The value of MOOCs is not in the videos

In the article Why My MOOC is Not Built on Video, Prof. Lorena A. Barba writes:

The participants of #NumericalMOOC will have noticed that we made only one video for the course. I thought that maybe I would do a handful more. But in the end I didn’t and I don’t think it matters too much.

I haven’t been very interested in MOOCs, because I’ve seen them as a glorified collections of lecture videos. I seldom find lectures useful, and in video lectures you can’t even ask questions.

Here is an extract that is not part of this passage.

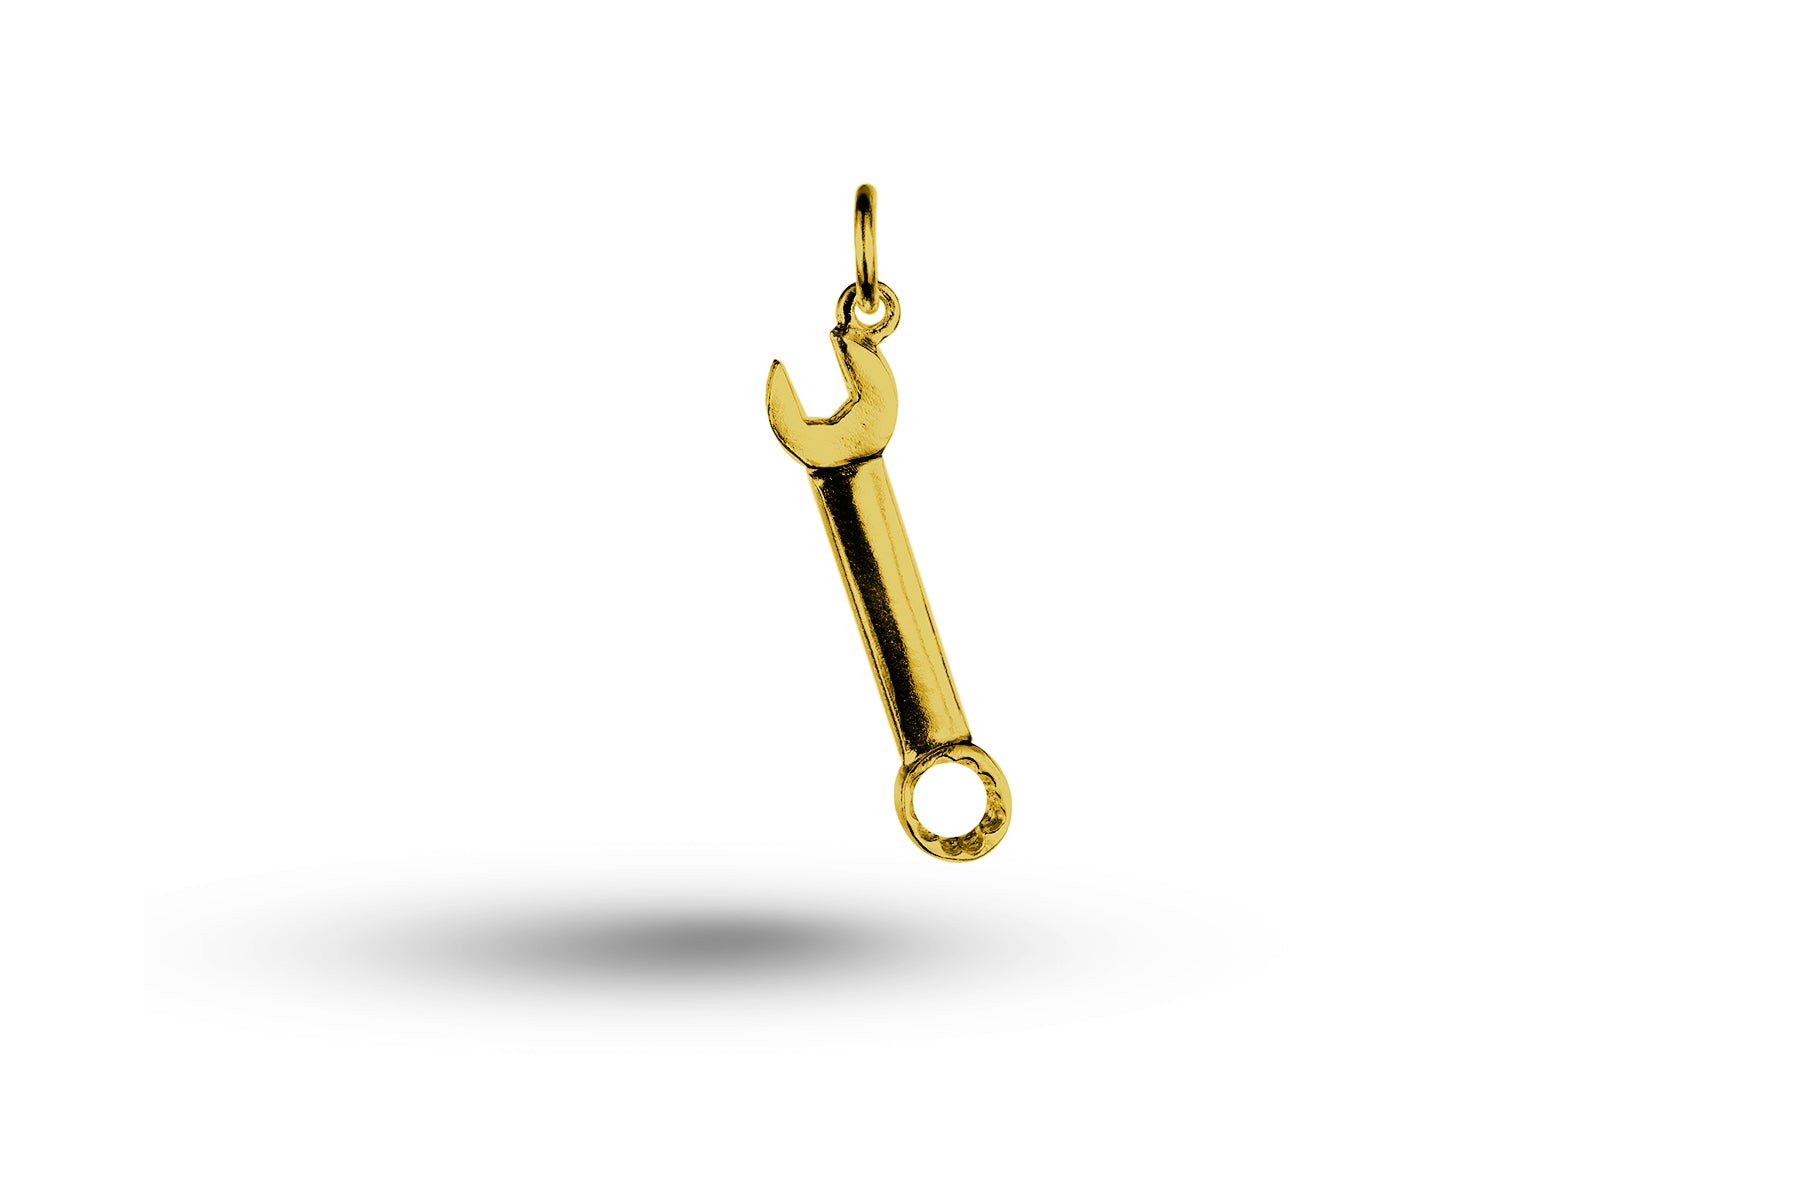 Yellow gold Ring Spanner charm.

This article made me change my mind. Instead of collections of videos, I now see MOOCs as potential collections of exercises. As Prof. Barba writes:

Videos are nice, they can get you exposed to a new concept for the first time in an agreeable way, but they do not produce learning, on their own. Students need to engage with the concepts in various ways, interact with ideas and problems, work through a process of “digestion” of the learning material.

When learning a new topic by myself, one of the hard things is to find a useful progression of challenges to tackle. The challenges should be hard enough to be interesting, but easy enough to not be frustrating. For me, in the offline math courses the exercise sheets are the most valuable part of the course. MOOCs can and do provide the same value.

I do not know why I didn’t realize this earlier.


Speaking of MOOCs, if you want to learn functional programming, check out University of Helsinki’s course Functional programming with Clojure. There are no lecture videos, but there are exercises. I took the course when it was an offline course and the exercises were great.